Exercise directions:
Exclude images; transcribe the rest of the data exactly.

Data segment:
[Start of Attachment]

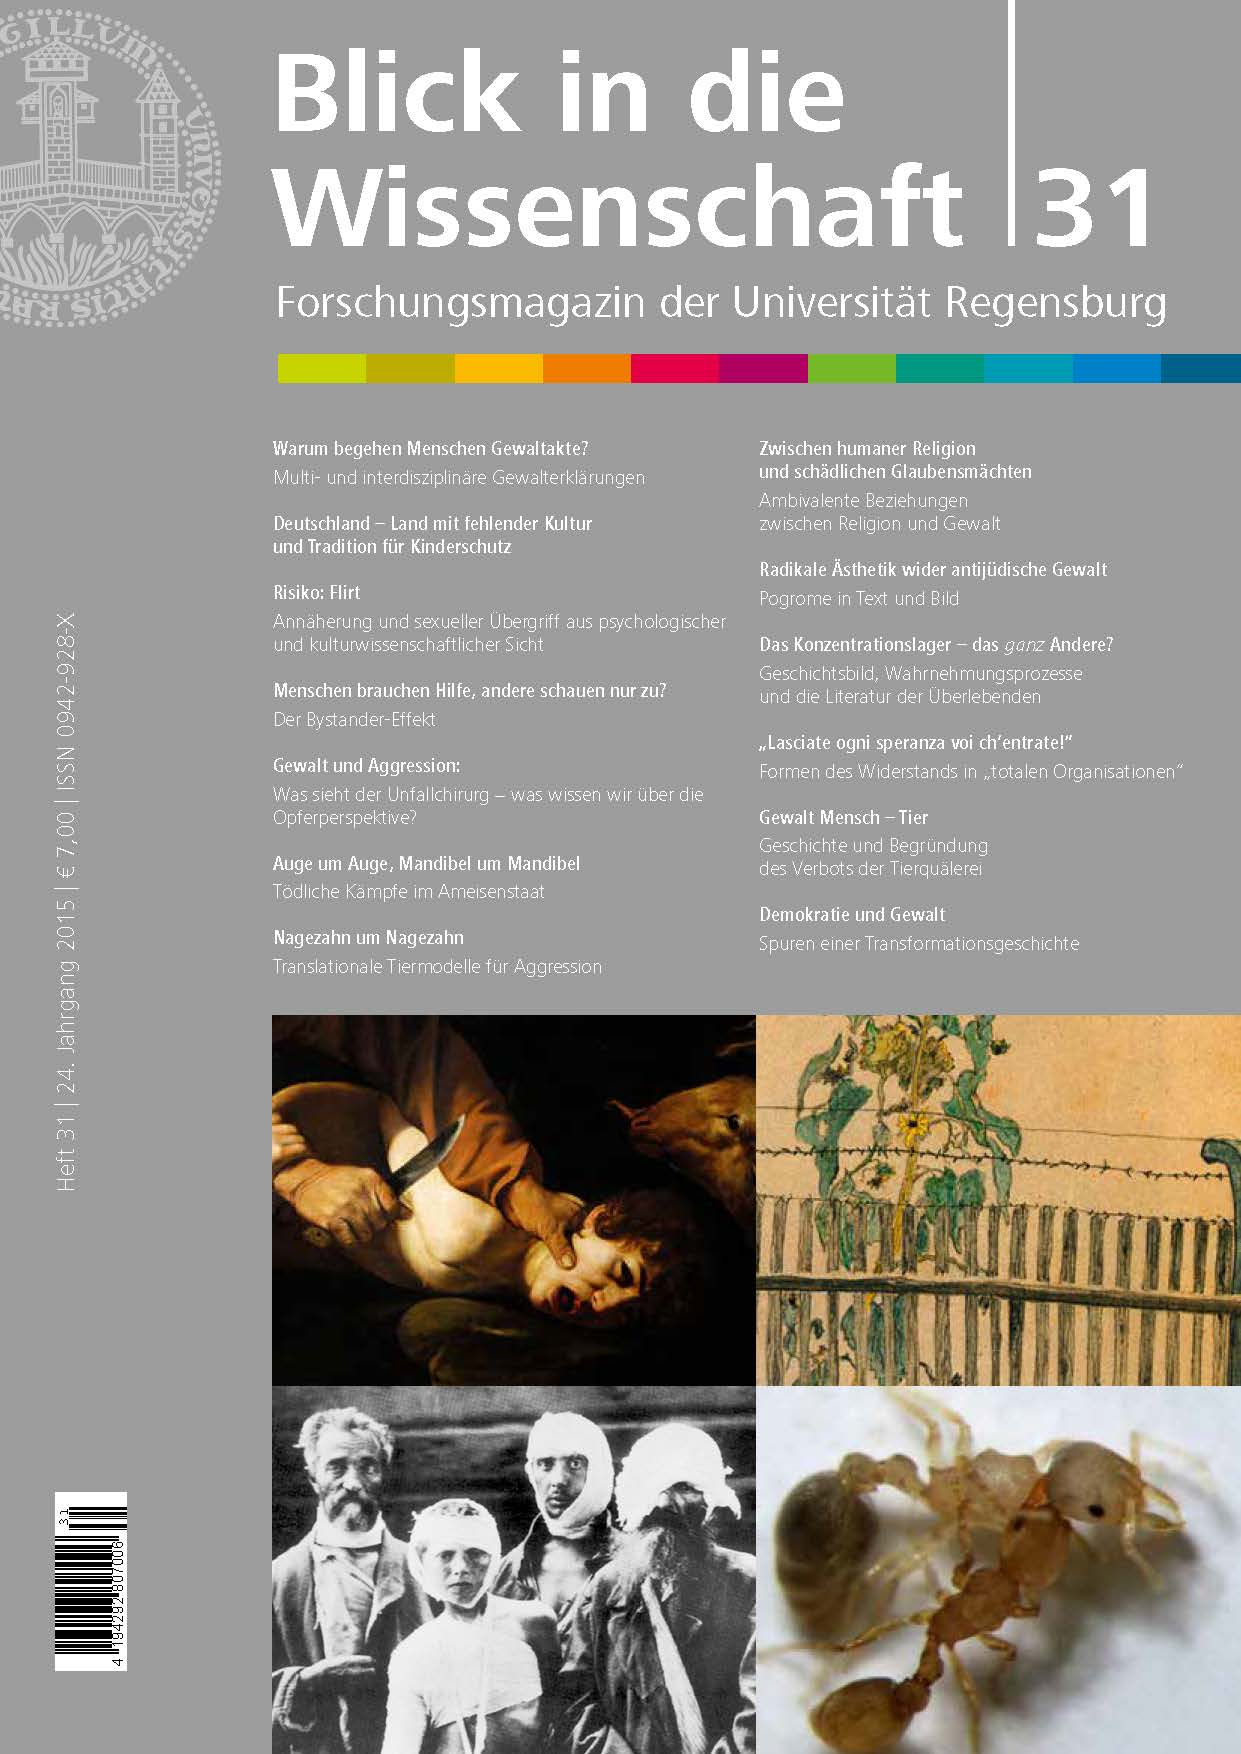 Forschungsmagazin der Universität Regensburg, Heft 31
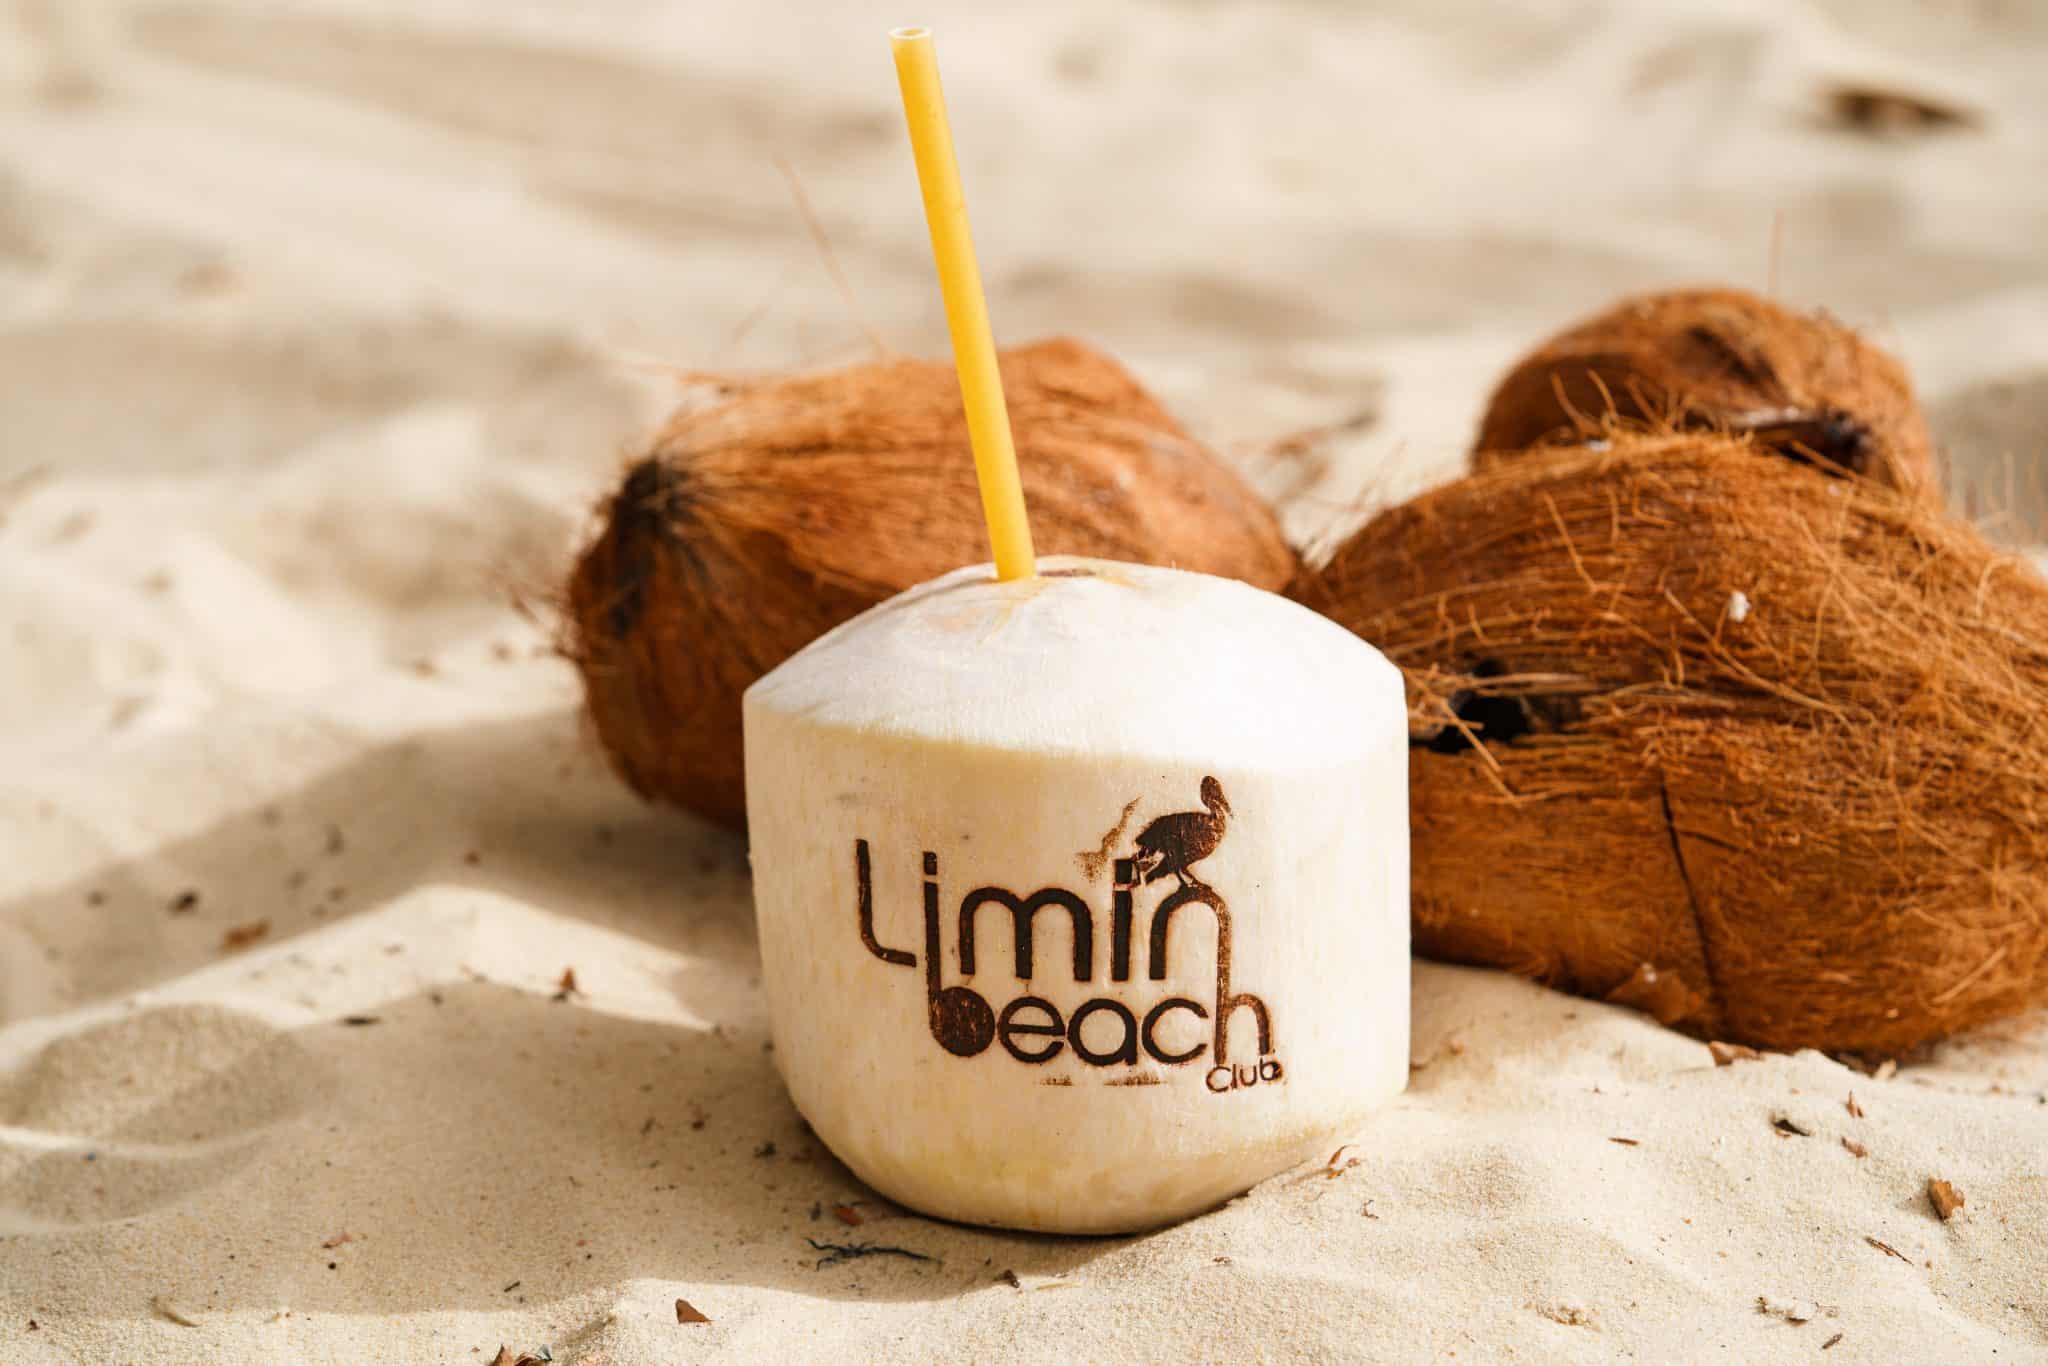 Limin' Beach Club Coconut
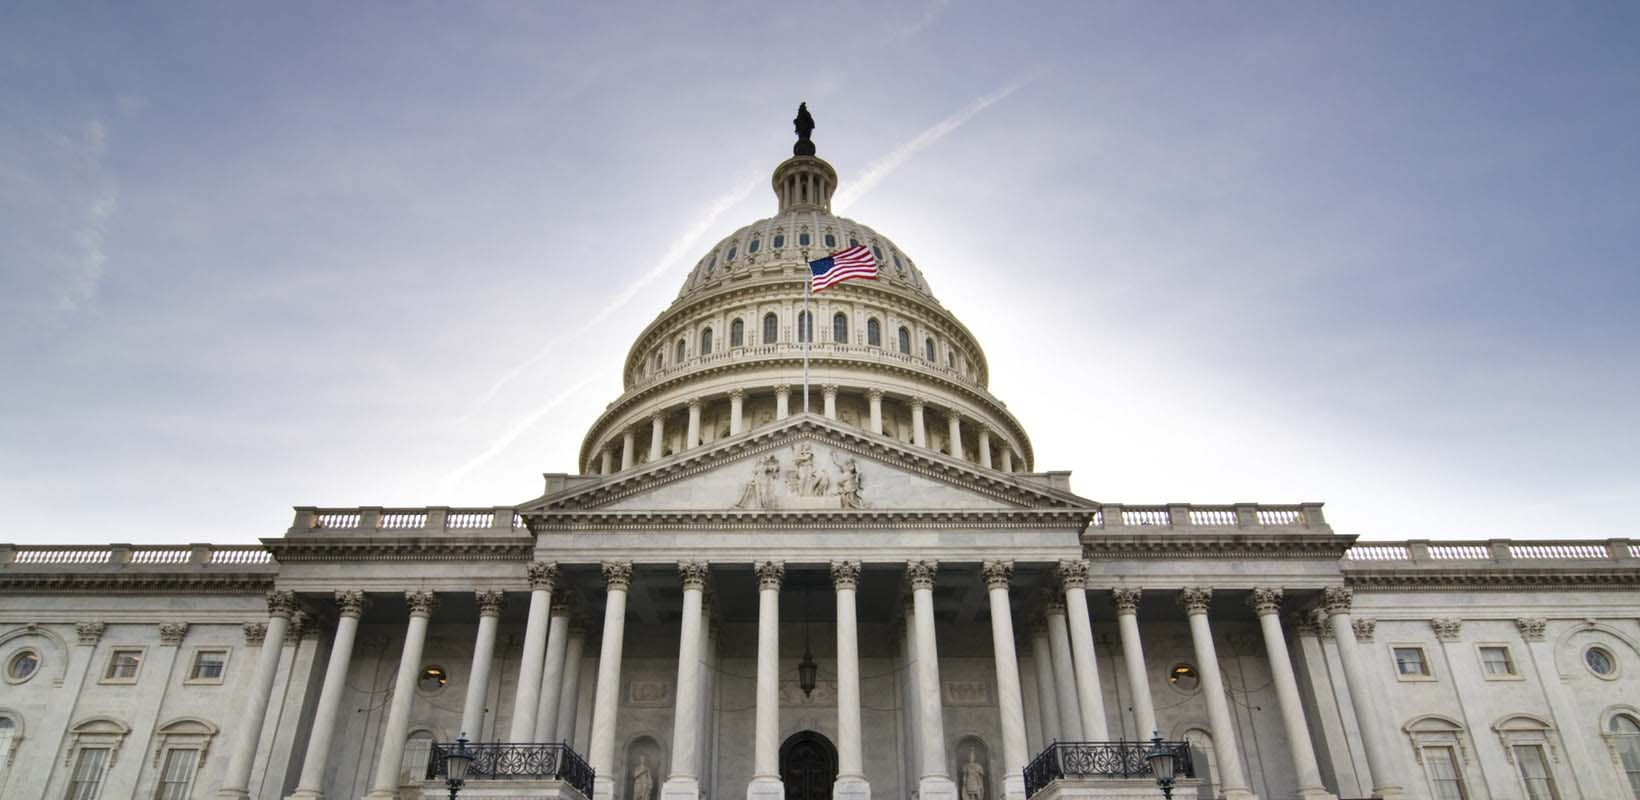 American politics & debate on Capitol Hill tour

[End of Attachment]

Problem solution:
 Forschungsmagazin der Universität Regensburg, Heft 31
 Limin' Beach Club Coconut
 American politics & debate on Capitol Hill tour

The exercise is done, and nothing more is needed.